In a move that could redefine how 2.6 billion people use Facebook Messenger and Facebook’s acquired WhatsApp and Instagram apps, The New York Times reported on Jan. 25 that Facebook CEO Mark Zuckerberg plans to integrate the platforms. The announcement turned up the volume on antitrust and privacy warnings directed at the social media giant.
The Times cited unnamed sources involved in the project who said the apps will continue as stand-alone services, but their “underlying technical infrastructure will be unified” so people can chat across platforms. This strengthens Facebook’s “grip on users, raising antitrust, privacy and security questions,” The Times wrote. The move is no doubt a topic of conversation at rival messenger teams at Apple and Google. Zuckerberg considers Apple’s iMessage to be its chief competitor. The Times says the integration move is designed to keep users from migrating away from Facebook’s message apps.
According to CNBC, “EU lawmakers have previously dinged Facebook for approaching a monopoly on mobile messaging. Zuckerberg at the time argued that users have choice because the average American uses eight social apps. Facebook controls three of those eight, in addition to WhatsApp, and it now plans to integrate them.” Facebook purchased Instagram in 2012 and WhatsApp in 2014. The social media behemoth has said the companies would operate independently and continue to honor the pledge of privacy to users, despite being acquired by a company whose business model is leveraging user data. The original founders of the acquired companies have since left. The WhatsApp privacy commitment changed dramatically two years later when it announced it would share user data with Facebook for advertising purposes.
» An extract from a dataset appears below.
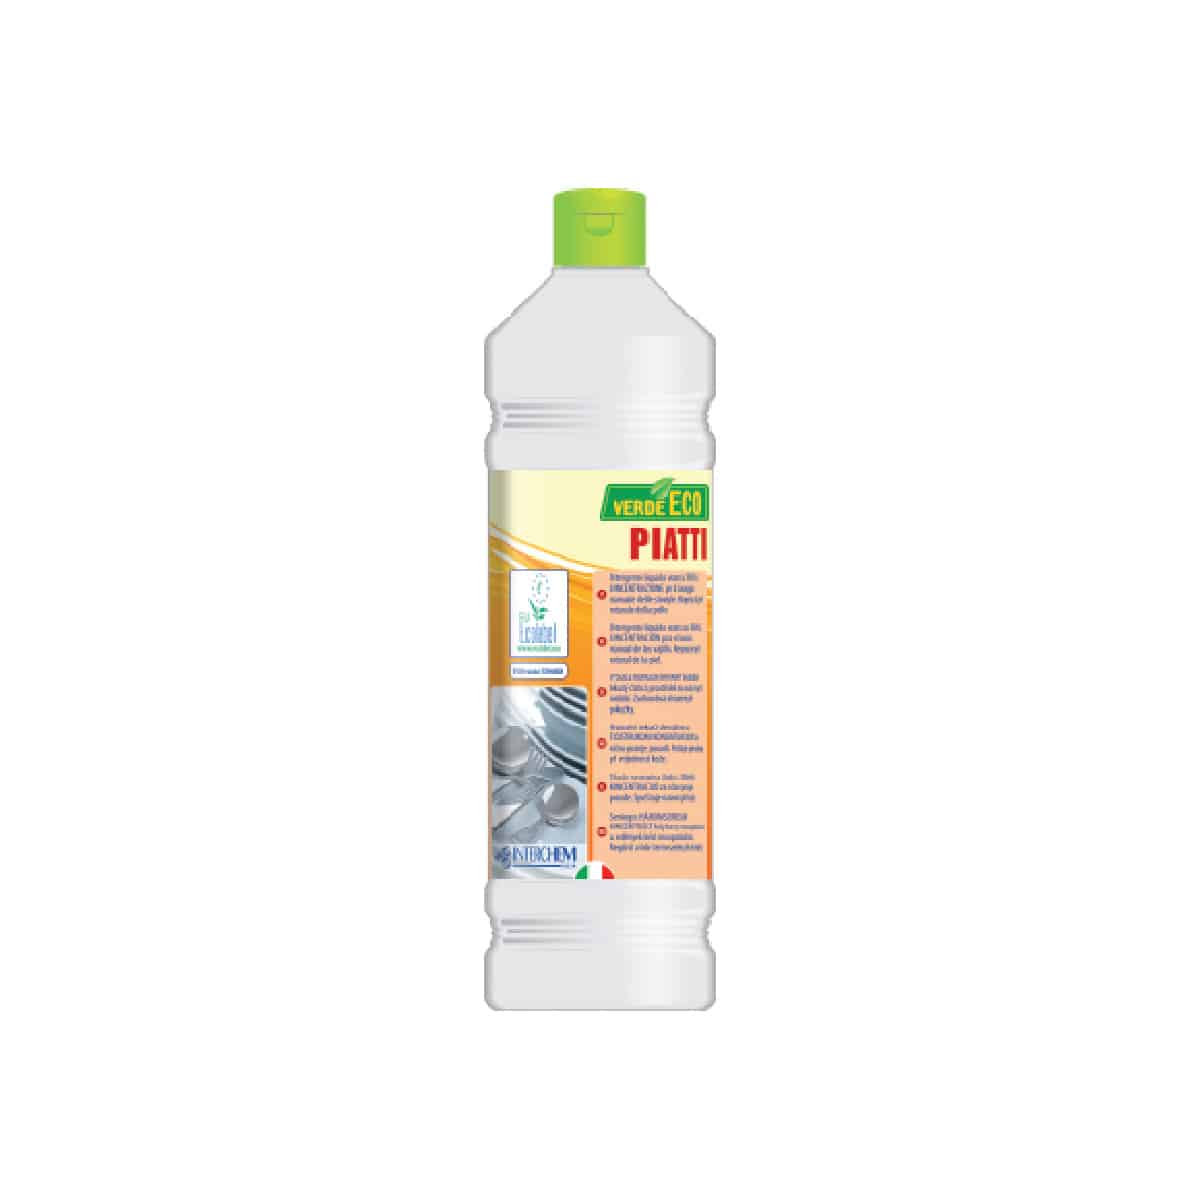 Detergente piatti Ecolabel concentrato 12pz

According to the Electronic Privacy Information Center (EPIC), “WhatsApp users were not even given the opportunity to affirmatively consent to this change in business practice, despite the fact that it directly contradicted years of WhatsApp assurances. Rather, users were required to opt-out within 30 days.”
Globally, Facebook’s use of data gathered by the acquired privacy-focused businesses had regulators jumping. The UK Information Commissioner’s Office blocked the new data sharing policy at WhatsApp. The EU fined it $122 million. Germany’s privacy regulator ordered a halt of the data collection and instructed the companies to delete any share user data.
Barak Orbach, a professor of law at the University of Arizona, told CNBC that serious changes to antitrust law are inevitable given the evolution of the economy and modern business models.
Facebook can be legitimately criticized for merging these apps after contrary assurances and perhaps for trying to dominate messaging, but perhaps more importantly, this is another example of the evolving convergence between antitrust and privacy that appears to be being driven by forces outside the US enforcement agencies. It’s a challenging issue for antitrust and may eventually lead to a sea change.
Facebook frames its plan to merge these services as pro-consumer, arguing that users prefer not to worry about which friends are using which service. But that would not be a concern if Facebook allowed users to move their friend lists between apps with ease. That right, known as data portability, is a hot button topic in privacy right now, especially after the passage of the EU’s General Data Protection Regulations (GDPR) and the fledgling California Consumer Privacy Act (CCPA), both of which proscribe some rights to portability of "personal information."